Car la mémoire a son siège essentiellement dans le coeur. (Tennessee Williams)

Le frère, dans La Ménagerie de verre de Tennessee Williams, se souvient. Sa soeur manipule des objets fragiles, bestioles de cristal : sa ménagerie de verre. Elle leur fait vivre la vie à laquelle elle doit renoncer. Elle est handicapée. La mère, femme faible, obéit au fils. Et on invite un homme dans la maison. Pour séduire et enlever la jeune femme. Aujourd’hui, l’auteur et metteuse en scène Romina Paula s’empare des figures de La Ménagerie, elle les projette ici et maintenant dans la mémoire de la soeur. Le monde a changé. La mère devient une progressiste, une indépendante. La soeur s’avère libre de ses choix, de sa parole, de ses mouvements. Mais comme le personnage de Melville, Bartleby, elle « préfère ne pas ». C’est elle, Antonia, qui se souvient. Loin des archétypes de la tragédie de Williams, tout le monde est libre, mais chacun reste enferré, comme retenu.

Un salon. Une lumière blanche, presque permanente. Et un temps distendu d’un présent brûlant : « Une lumière de volière, dit la metteuse en scène. Et l’absence de noirs sur la scène pour donner une sensation d’irréalité, de jour et de nuit éternels et d’altération de la perception du temps… » Et La Ménagerie devient El Tiempo todo entero (Le Temps tout entier). Car le temps s’impose comme décor et premier personnage. Le présent, « temps énorme », silence long et profond, celui que Tennessee Williams éprouva quand il comprit que sa soeur perdait la raison. Un sentiment qui lui dicta La Ménagerie, sa pièce la plus sincère, autobiographique. Née à Buenos Aires en 79, sortie diplômée en dramaturgie de l’EMAD (École d’art dramatique de Buenos Aires), parcours jalonné de prix, Romina Paula cofonde la compagnie argentine El Silencio en 2006, et travaille depuis à explorer l’intimité intense des êtres empêchés.

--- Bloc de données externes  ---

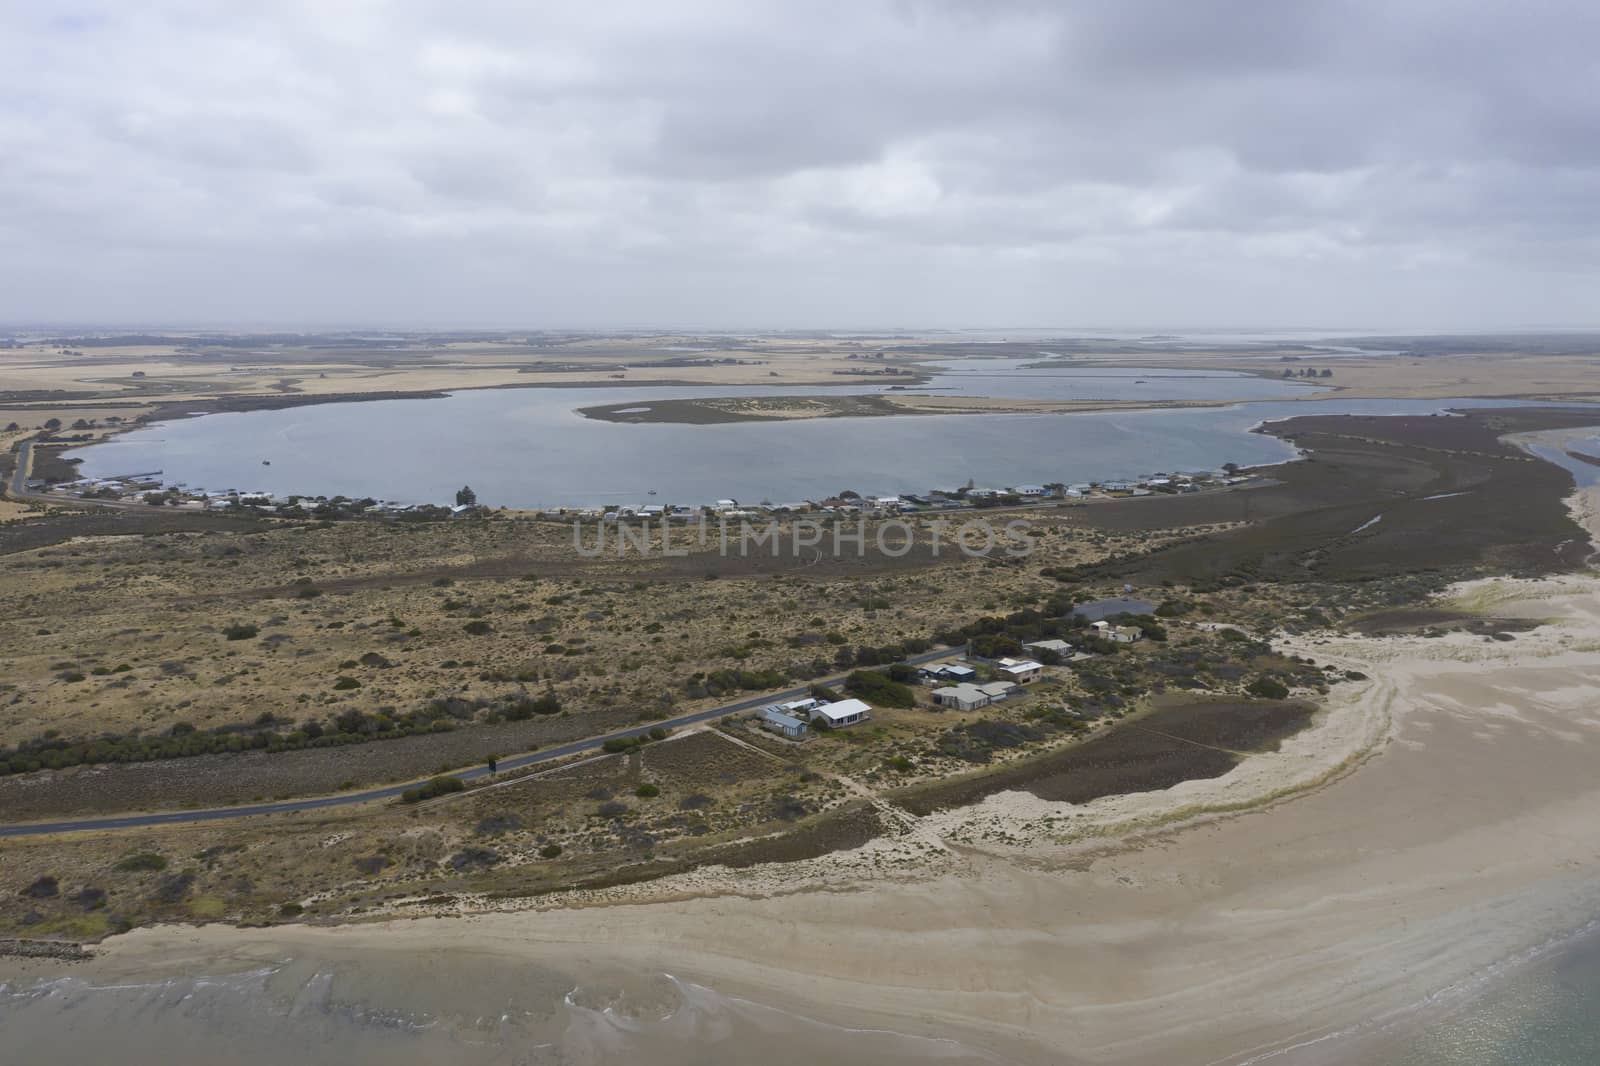 Aerial view of sand dunes at the mouth of the River Murray in regional South Australia in Australia by WittkePhotos
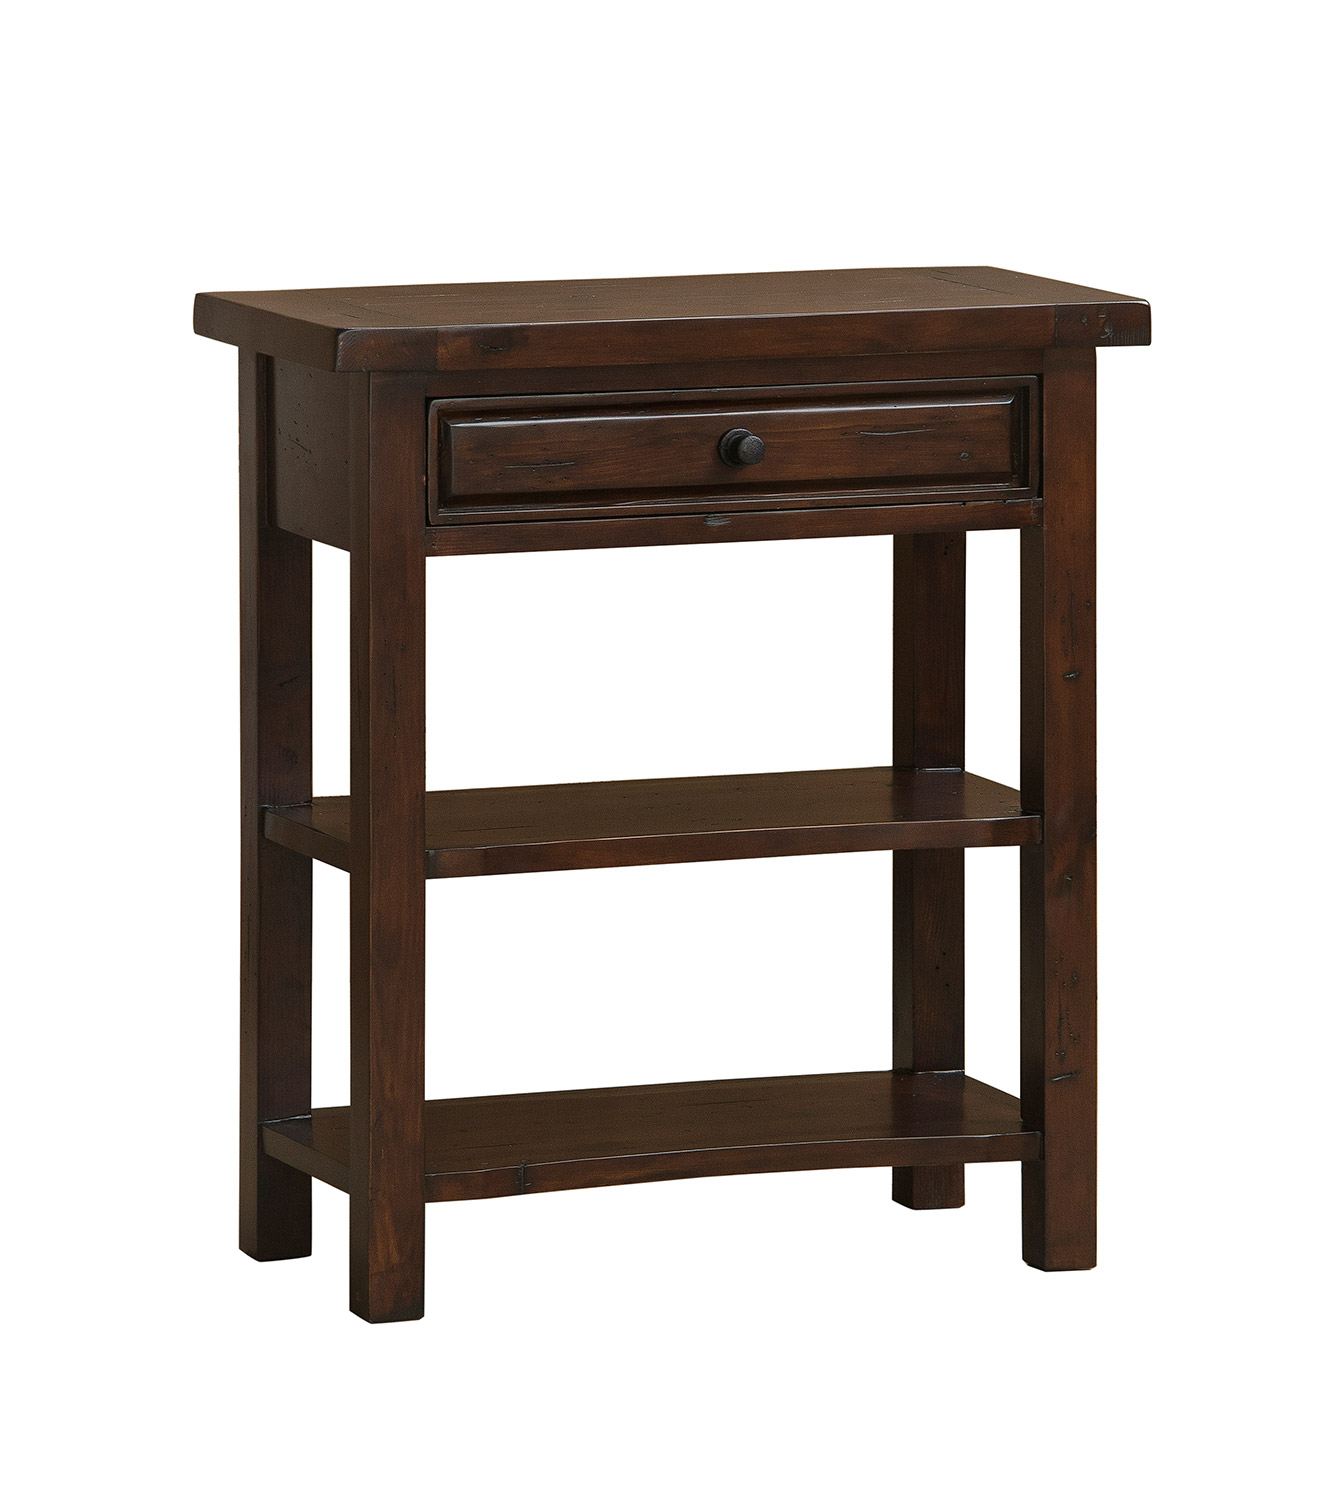 Hillsdale Tuscan Retreat Single Drawer Console Table - Rustic Mahogany

production Compagnie El Silencio, production déléguée Théâtre du Rond-Point / Le Rond-Point des tournées, coproduction Festival d’Automne à Paris, représentant en Europe Judith Martin / Ligne Directe, spectacle présenté dans le cadre de Tandem Paris-Buenos Aires, mis en oeuvre à Paris, par l’Institut français, la Ville de Buenos Aires, avec le soutien du Ministère des Affaires étrangères et européennes du Ministère de la Culture et de la Communication et de la Mairie de Paris, avec le soutien de l’ONDA

Manifestation organisée dans le cadre du Tandem Paris-Buenos-Aires 2011, mis en oeuvre par l’Institut français et le la Ville de Buenos-Aires et soutenu par la Ville de Paris, le ministère des Affaires étrangères et le ministère de la Culture et de la Communication (www.tandem2011.com)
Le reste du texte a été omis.